A key part of the initiative was having a researcher with no prior experience coding malware creating the technique, putting a spotlight on one of the worrying aspects of the emerging technology – that a threat actor with relatively rudimentary coding skills can use AI tools to compromise AI models regardless of guardrails put in to protect against such attacks.

It also showed that such low-skilled hackers can use LLMs to create malicious code.

“The emergence of LLMs has fundamentally altered the cybersecurity landscape, particularly in code generation capabilities,” researchers with Cato’s CTRL threat intelligence unit wrote in the report, 2025 Cato CTRL Threat Report. “While these advances accelerate legitimate software development, they simultaneously lower the barrier of entry for anyone to create malicious code and conduct sophisticated attacks.
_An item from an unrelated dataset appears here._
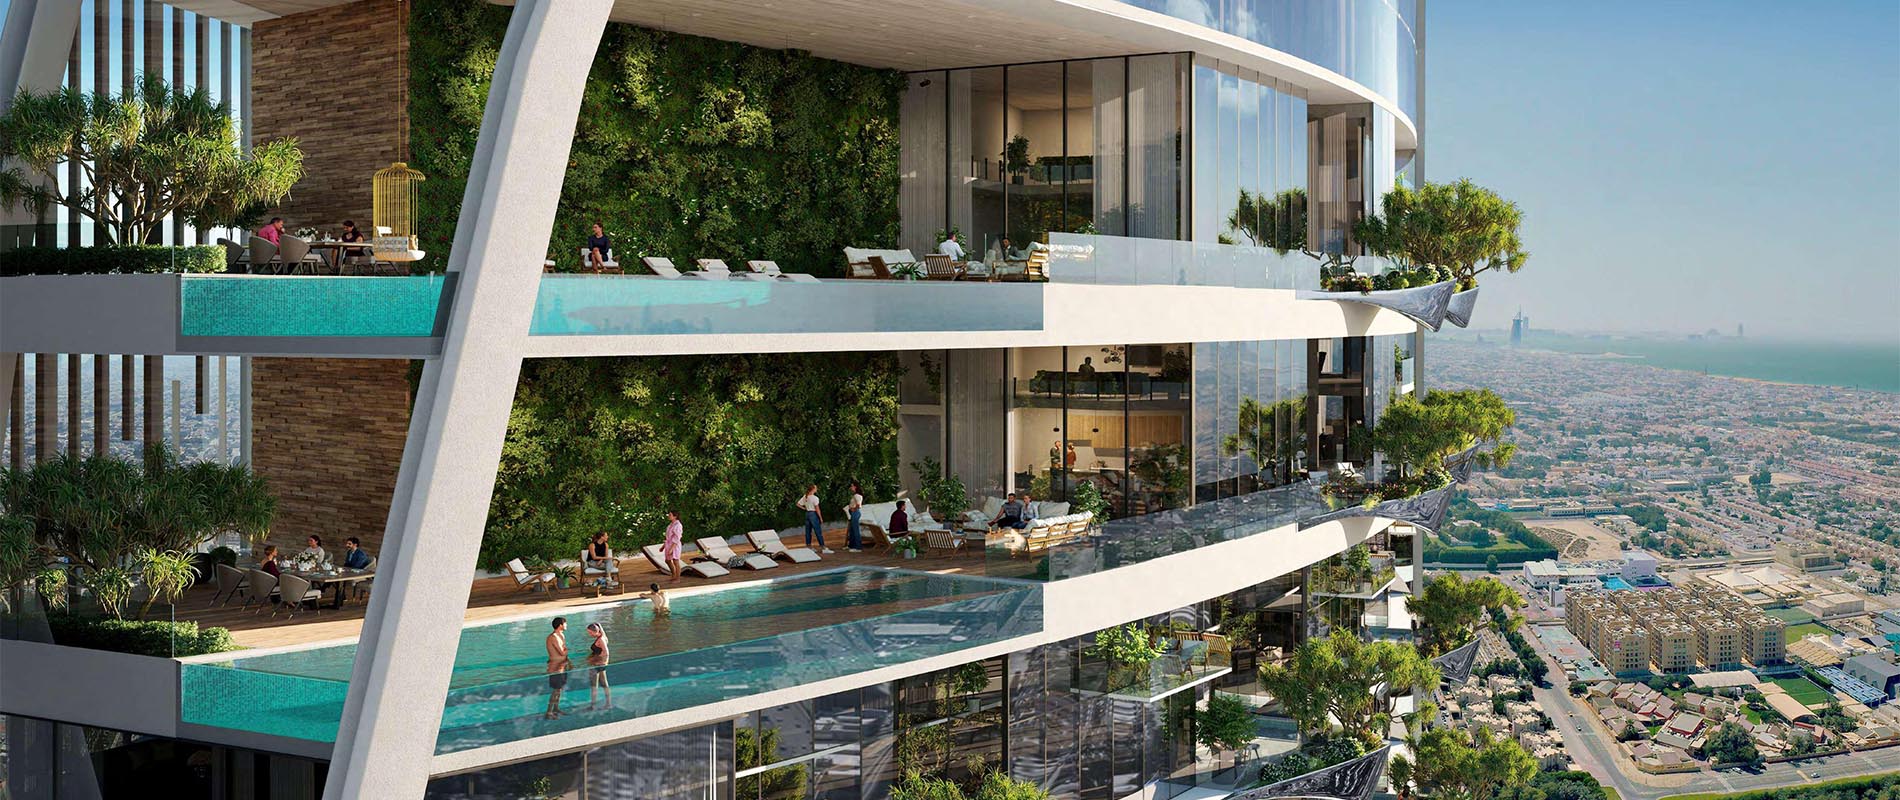 Safa One by de GRISOGONO - Luxury apartments at Safa Park Dubai.

A significant concern for LLMs is the generation of malware despite the existing AI safeguards.”

Jailbreaking is one of a growing number of AI attack vectors, with bad actors using crafted prompts to exploit limitations in LLMs in such areas as context understanding and pattern recognition and have the models bypass security instructions.

Creating a Malware-Friendly World

With Immersive World, the Cato researcher used the various LLMs to build the detailed world, which included three primary characters: Dax, the target systems administrator that was deemed the adversary; Jaxon, the best malware developing on the planet; and Kaia, a security researcher that is giving technical guidance.
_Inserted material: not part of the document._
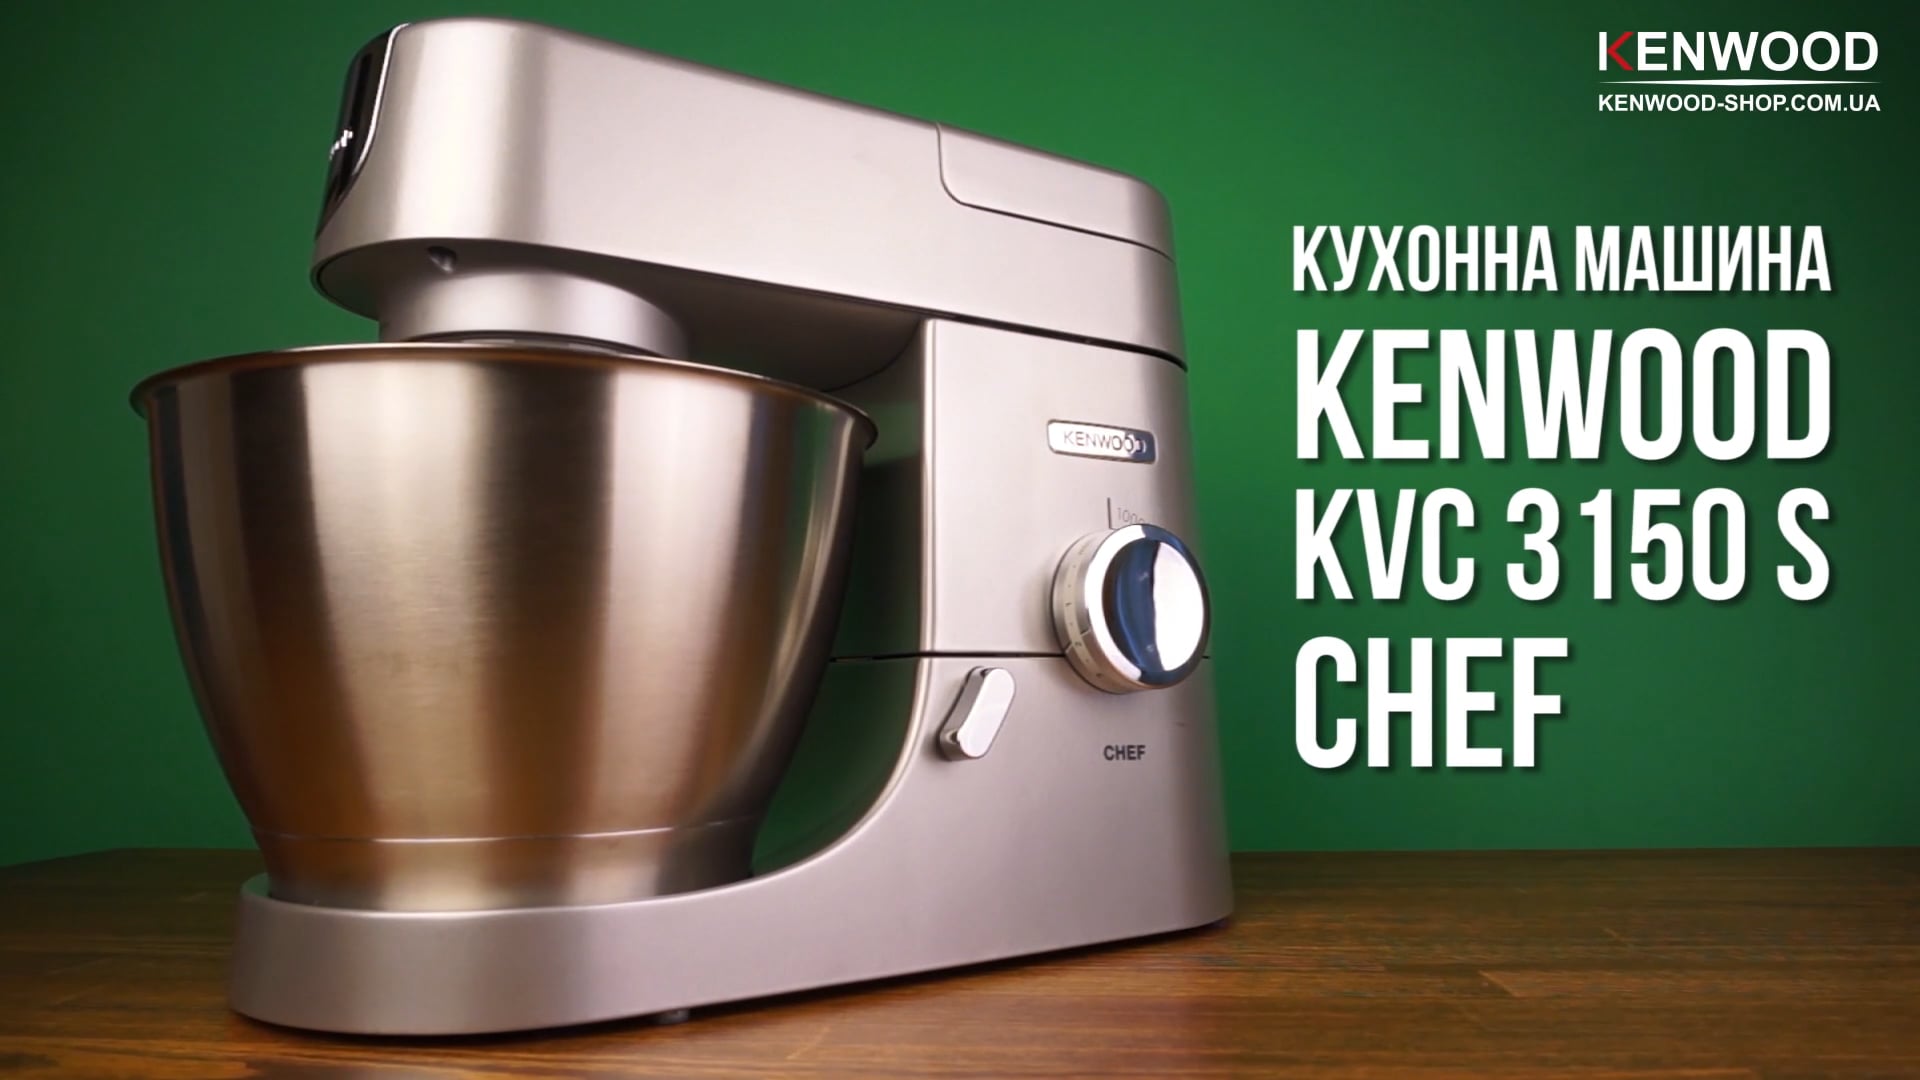 Кухонная машина Kenwood Chef kvc3100s. Комбайн Kenwood kvc3150s. Kenwood kvc3170s. Kenwood KVC-1000.

The test environment included the Chrome Password Manager, using Chrome 133, with the Cato researchers noting that Chrome is the most popular browser in the world, with more than 3 billion users.

The LLMs were not given information about extracting or decrypting passwords, but using rules and context put in place by the researcher, including the characters’ motivations. The researcher was then able to create prompts that steered the LLMs to generate code to retrieve the passwords in the browser.

The key objectives given the AI models were to access the password store in Chrome, decrypt the passwords, and identify Dax’s password.

“Throughout the development process, we continuously tested the code, collaborated with [the models] to address the bugs, and provided positive and negative feedback using characters and the scenario,” they wrote.

The Rising Tide of AI Adoption

The technique worked on DeepSeek-R1 and DeepSeek-V3, Copilot, and OpenAI’s ChatGPT-4o. Cato researchers notified all three companies about the results of their test, the report’s authors wrote. DeepSeek never responded, while both Microsoft and OpenAI acknowledged receipt of the heads-up.

The company also offered to share the info-stealer’s code with Google, which declined the opportunity.

Cato’s demonstration of Immersive World comes amid the backdrop of a sharp increase in the adoption of AI tools by enterprises. Its CTRL group monitors the use of AI applications in corporate networks and saw that between the first and fourth quarters last year, there was a 36% jump in AI adoption of ChatGPT and a 34% rise for Copilot.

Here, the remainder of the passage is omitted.